The 2024 United States House of Representatives election in Alaska was held on November 5, 2024, to elect a member of the United States House of Representatives to represent the state of Alaska from its . The election coincided with the 2024 U.S. presidential election, as well as other elections to the U.S. House, elections to the United States Senate, and various other state and local elections.
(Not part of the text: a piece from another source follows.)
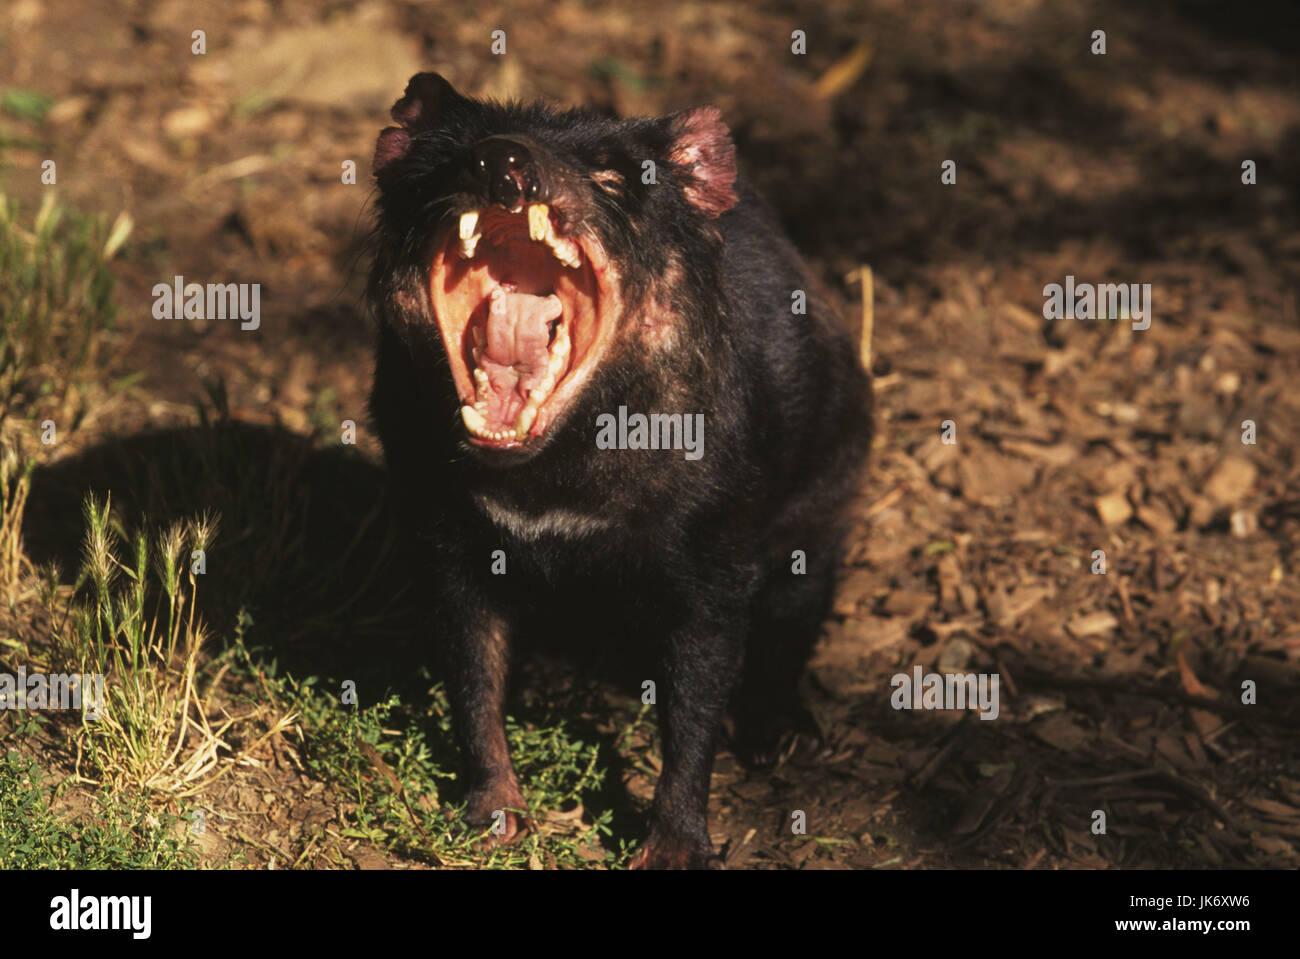 Australien, Tasmanien, Beutelteufel, Sacrophilus harrisi, gähnen  Tasmania, Insel Tasmanien, Natur, Tierwelt, - Stock Image
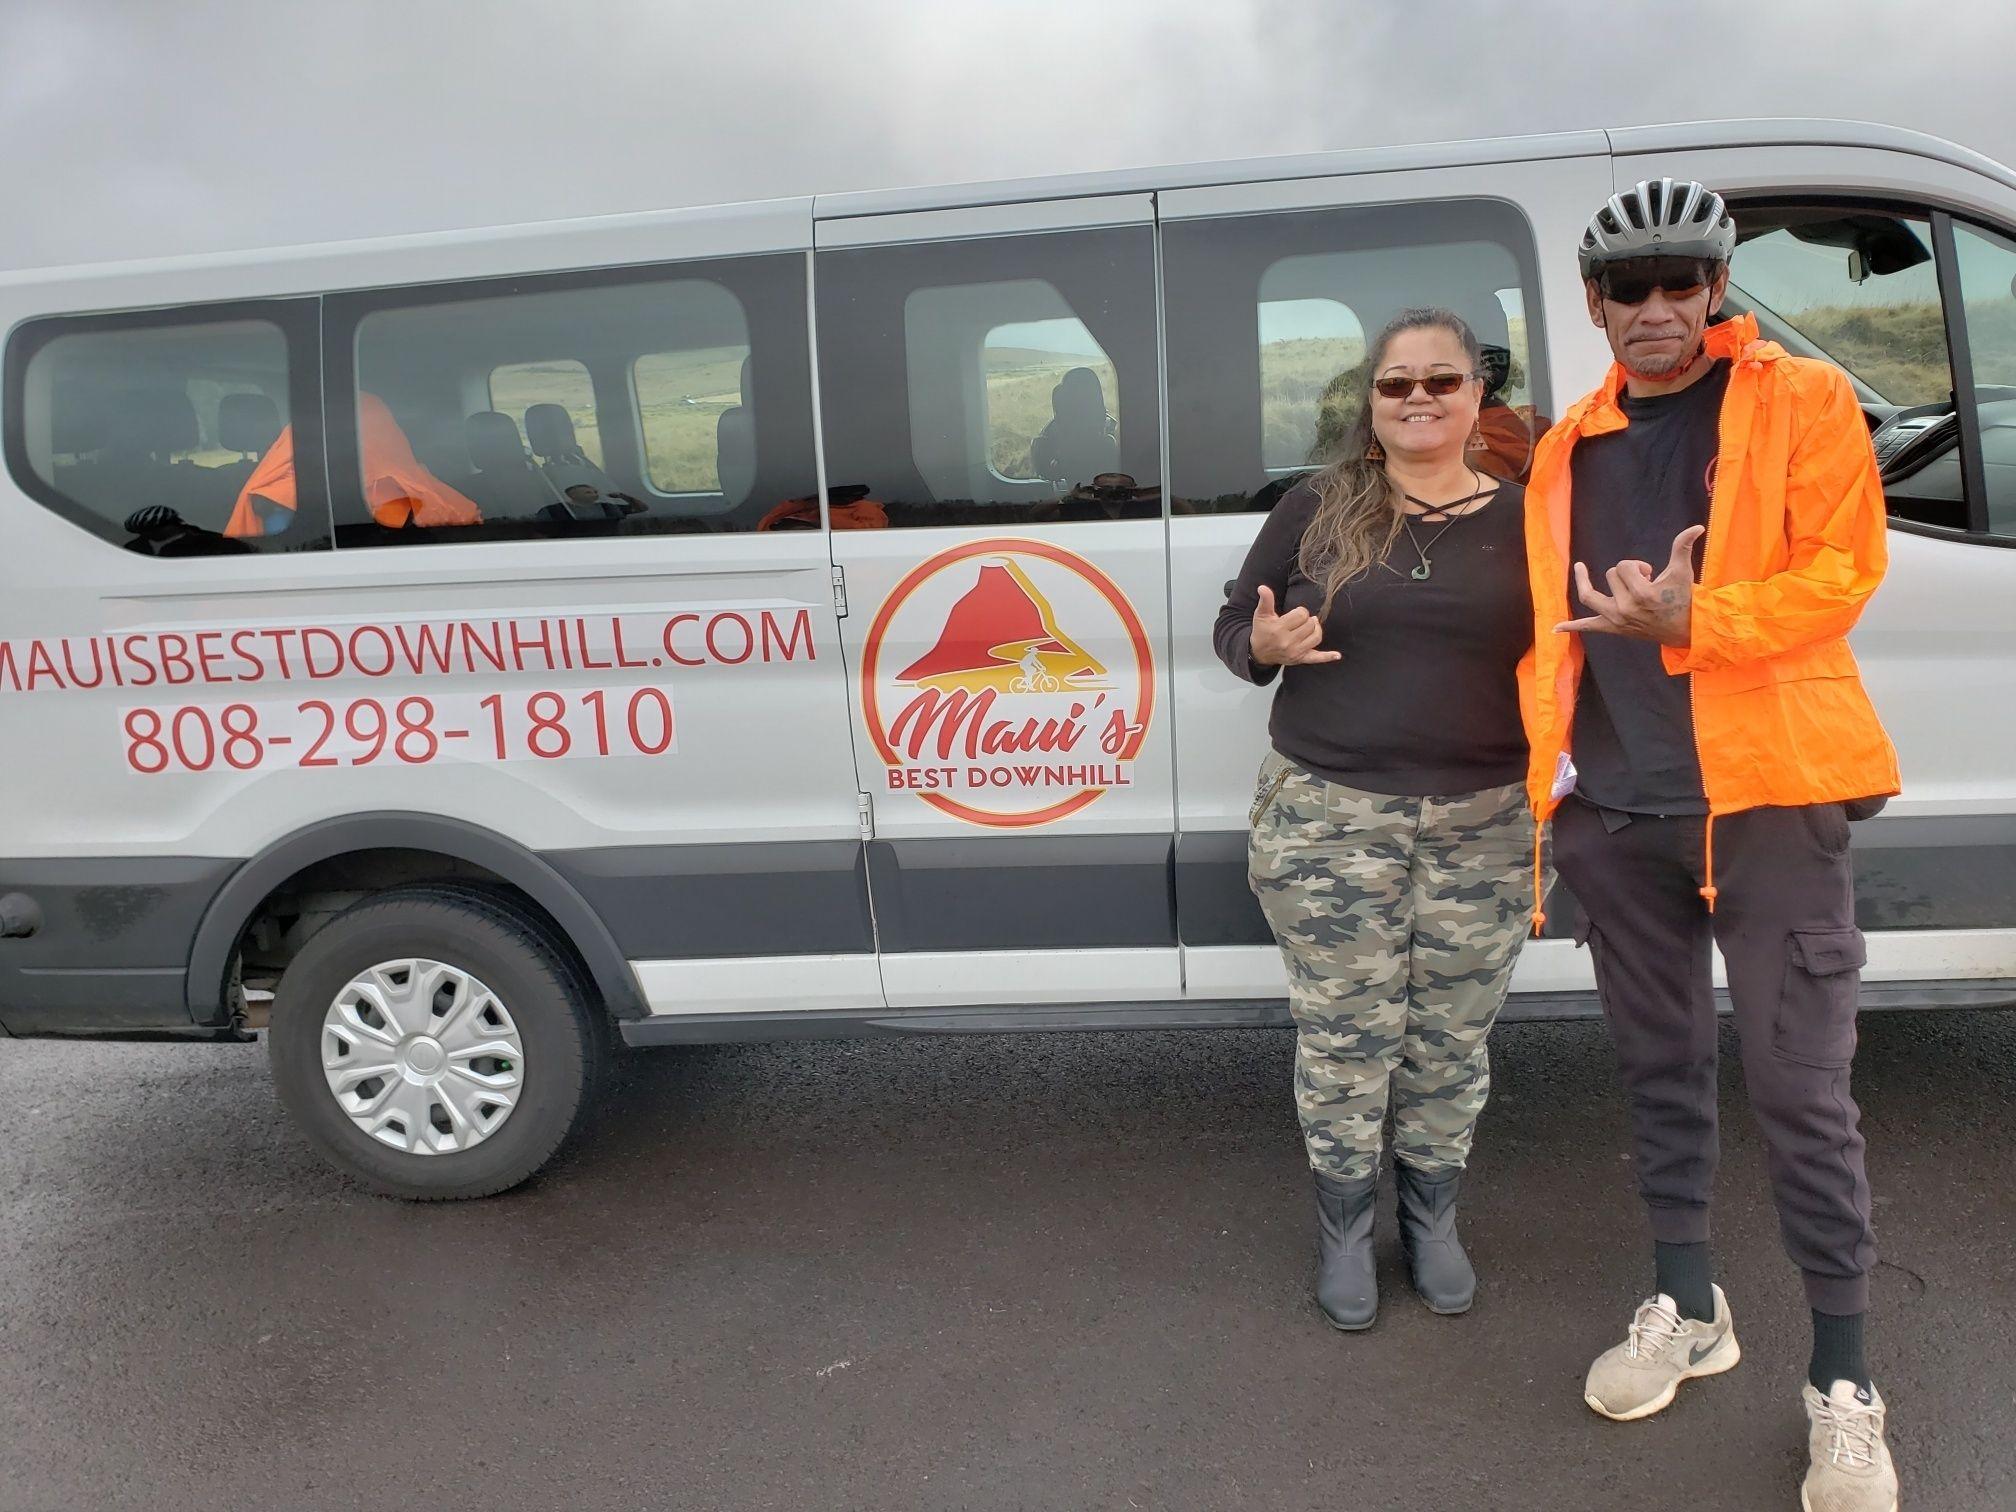 Haleakala Afternoon Guided Downhill Bike Tour

Incumbent Mary Peltola, the first Democrat to represent Alaska in the House since 1972, sought a second full term in office. Peltola had been elected in an August 2022 special election to succeed deceased Republican Don Young. She won a full term the following November.

In accordance with 2020 Alaska Measure 2, the race was conducted using the state's ranked-choice voting procedures. Eleven candidates challenged Peltola in the August all-party primary. Republicans Nick Begich III, Nancy Dahlstrom, and Matthew Salisbury initially qualified for spots in the ranked-choice general election, but Dahlstrom and Salisbury withdrew shortly after the primary in a show of party unity. The final general election ballot thus featured Peltola, Begich, Alaskan Independence Party nominee John Wayne Howe, and Democrat Eric Hafner. The Alaska Democratic Party attempted to have Hafner removed from the ballot due to his status as a federal prisoner in New York, but the Alaska Supreme Court rejected their arguments.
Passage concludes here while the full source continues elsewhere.